The direct forecasting approach used in `forecastML` involves the following steps:

**1.** Build a series of horizon-specific short-, medium-, and long-term forecast models.

**2.** Assess model generalization performance across a variety of heldout datasets through time.

**3.** Select those models that consistently performed the best at each forecast horizon and
combine them to produce a single ensemble forecast.

* Below is a plot of 5 forecast models used to produce a single 12-step-ahead forecast where each color
represents a distinct horizon-specific ML model. From left to right these models are:

* **1**: A feed-forward neural network (purple); **2**: An ensemble of ML models;
**3**: A boosted tree model; **4**: A LASSO regression model; **5**: A LASSO regression model (yellow).

![](./tools/forecastML_plot.png)

* Below is a similar combination of horizon-specific models with a factor outcome and forecasting factor
probabilities 12 steps ahead.

![](./tools/forecastML_factor_plot.png)

### Multi-output forecasting

The multi-output forecasting approach used in `forecastML` involves the following steps:

**1.** Build a single multi-output model that simultaneously forecasts over both short- and long-term forecast horizons.

**2.** Assess model generalization performance across a variety of heldout datasets through time.

**3.** Select the hyperparamters that minimize forecast error over all the relevant forecast horizons and re-train.

## Vignettes

The main functions covered in each vignette are shown below as `function()`.

* Detailed **[forecastML overview vignette](https://nredell.github.io/forecastML/doc/package_overview.html)**.
`create_lagged_df()`, `create_windows()`, `train_model()`, `return_error()`, `return_hyper()`, `combine_forecasts()`

* **[Creating custom feature lags for model training](https://nredell.github.io/forecastML/doc/lagged_features.html)**. `create_lagged_df(lookback_control = ...)`

* **[Direct Forecasting with multiple or grouped time series](https://nredell.github.io/forecastML/doc/grouped_forecast.html)**.
`fill_gaps()`,
`create_lagged_df(dates = ..., dynamic_features = ..., groups = ..., static_features = ...)`, `create_windows()`, `train_model()`, `combine_forecasts()`

* **[Direct Forecasting with multiple or grouped time series - Sequences](https://nredell.github.io/forecastML/doc/grouped_forecast_sequences.html)**.
`fill_gaps()`,
`create_lagged_df(dates = ..., dynamic_features = ..., groups = ..., static_features = ...)`, `create_windows()`, `train_model()`, `combine_forecasts()`

* **[Customizing the user-defined wrapper functions](https://nredell.github.io/forecastML/doc/custom_functions.html)**.
`train()` and `predict()`

* **[Forecast combinations](https://nredell.github.io/forecastML/doc/combine_forecasts)**. `combine_forecasts()`

## Cheat Sheets

![](./tools/forecastML_cheat_sheet.PNG)

1. **`fill_gaps`:** Optional if no temporal gaps/missing rows in data collection.
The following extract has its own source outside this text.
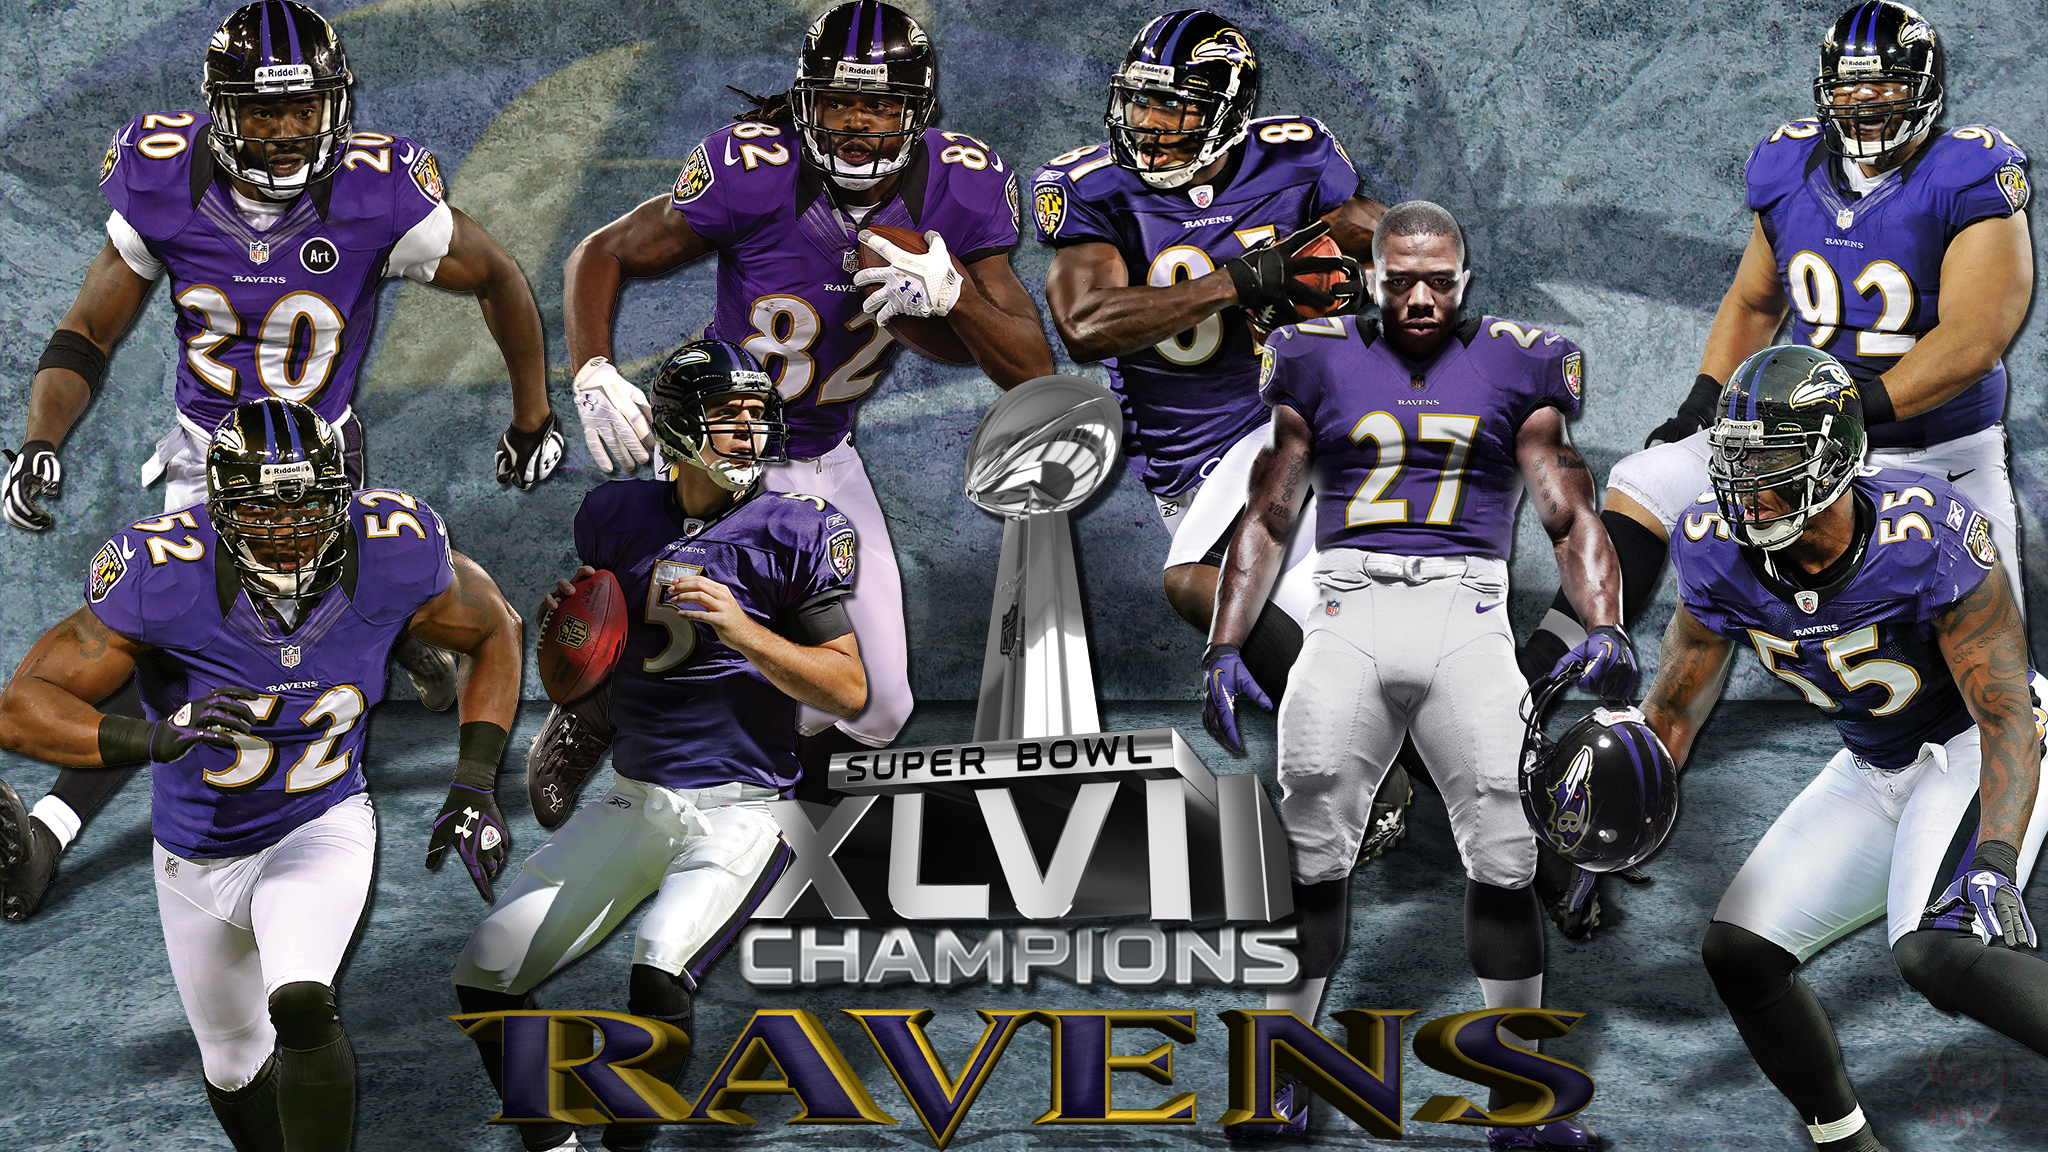 Wallpapers By Wicked Shadows: Baltimore Ravens Super Bowl XLVII Champions Wallpaper2048 x 1152

Fill gaps in data collection and
prepare a dataset of evenly-spaced time series for modeling with lagged features. Returns a 'data.frame' with
missing rows added in so that you can either (a) impute, remove, or ignore `NA`s prior to the `forecastML` pipeline
or (b) impute, remove, or ignore them in the user-defined modeling function--depending on the `NA` handling
capabilities of the user-specified model.
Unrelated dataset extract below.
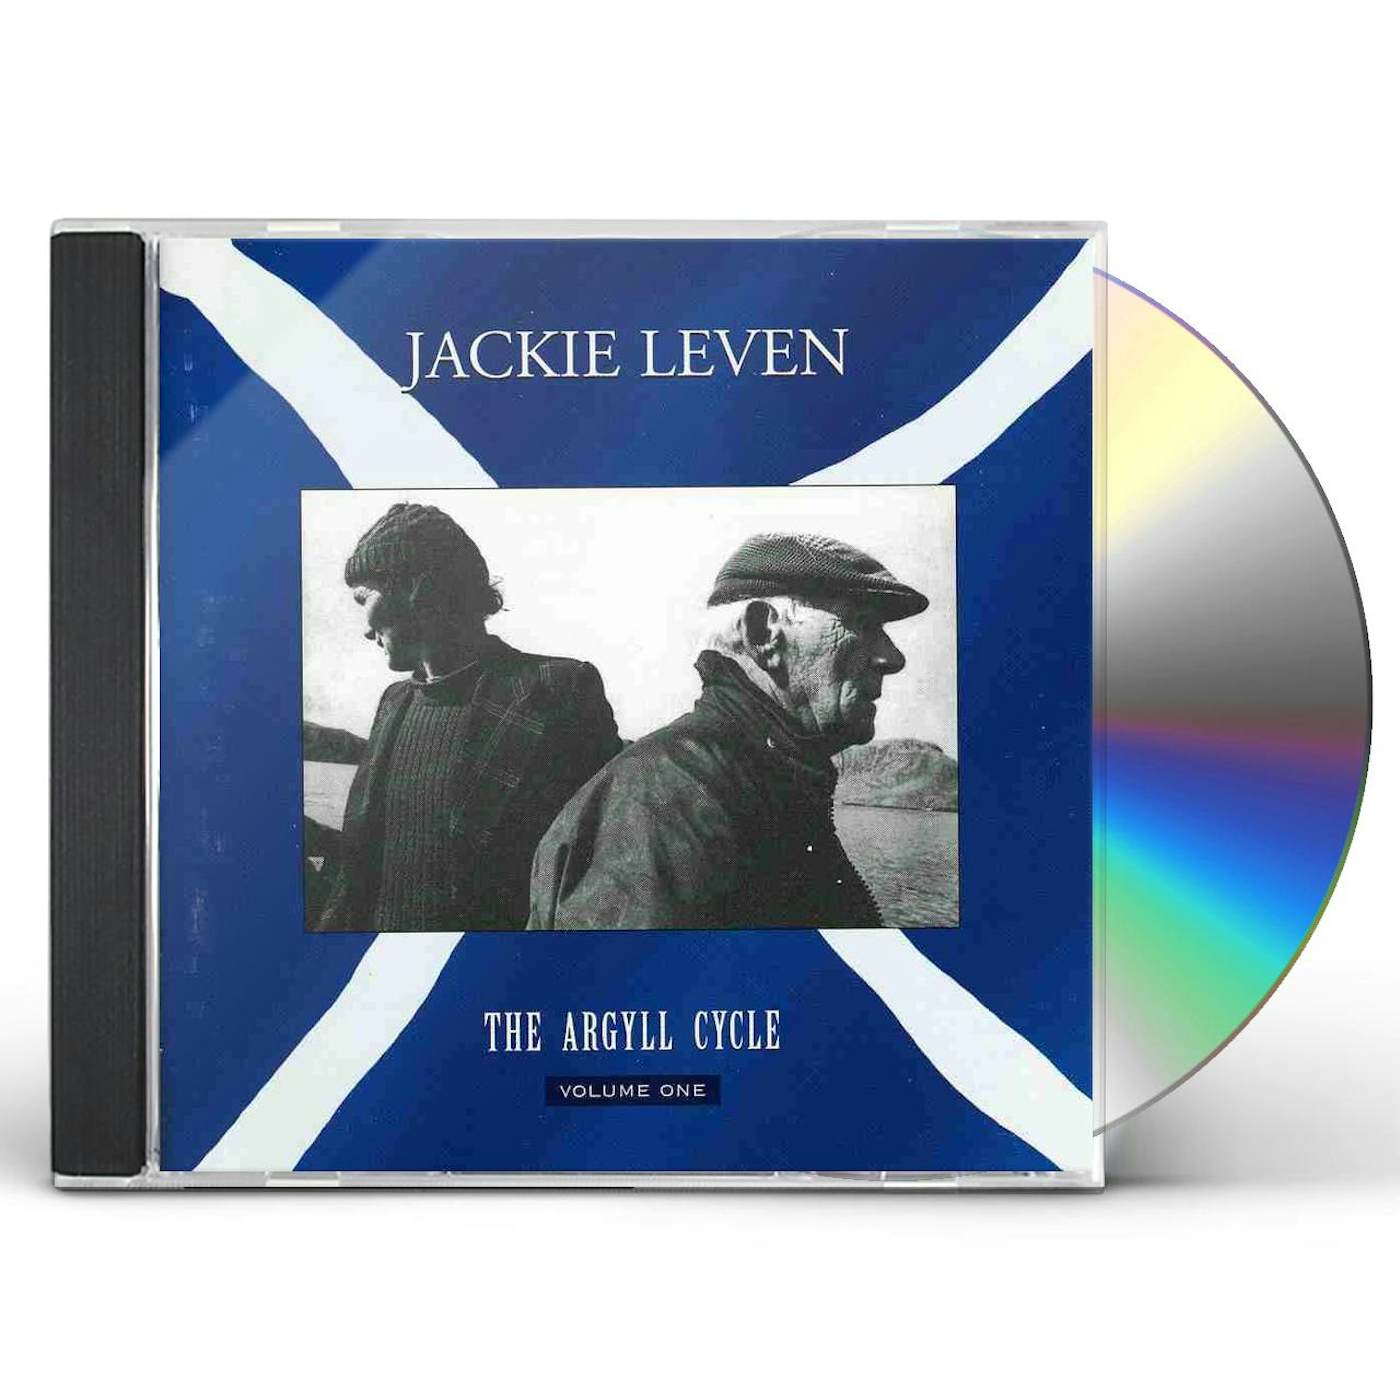 Jackie Leven VOL. 1-ARGYLL CYCLE CD

2. **`create_lagged_df`:** Create model training and forecasting datasets with lagged, grouped, dynamic, and static features.

3. **`create_windows`:** Create time-contiguous validation datasets for model evaluation.

4. **`train_model`:** Train the user-defined model across forecast horizons and validation datasets.

5. **`return_error`:** Compute forecast error across forecast horizons and validation datasets.

6. **`return_hyper`:** Return user-defined model hyperparameters across validation datasets.

7. **`combine_forecasts`:** Combine multiple horizon-specific forecast models to produce one forecast.

![](./tools/forecastML_cheat_sheet_data.PNG)


![](./tools/forecastML_cheat_sheet_model.PNG)

## FAQ

* **Q:** Where does `forecastML` fit in with respect to popular `R` machine learning packages like [mlr3](https://mlr3.mlr-org.com/) and [caret](https://github.com/topepo/caret)?
* **A:** The idea is that `forecastML` takes care of the tedious parts of forecasting with ML methods: creating training and forecasting datasets with different
types of features--grouped, static, and dynamic--as well as simplifying validation dataset creation to assess model performance at specific points in time.
That said, the workflow for packages like `mlr3` and `caret` would mostly occur inside of the user-supplied
modeling function which is passed into `forecastML::train_model()`. Refer to the wrapper function customization
vignette for more details.

* **Q:** How do I get the model training and forecasting datasets as well as the trained models out of the
`forecastML` pipeline?
* **A:** After running `forecastML::create_lagged_df()` with either `type = "train"` or `type = "forecast"`,
the `data.frame`s can be accessed with `my_lagged_df$horizon_h` where "h" is an integer marking the
horizon-specific dataset (e.g., the value(s) passed in `horizons = ...`). The trained models from
`forecastML::train_model()` can be accessed with `my_trained_model$horizon_h$window_w$model` where "w" is
the validation window number from `forecastML::create_windows()`.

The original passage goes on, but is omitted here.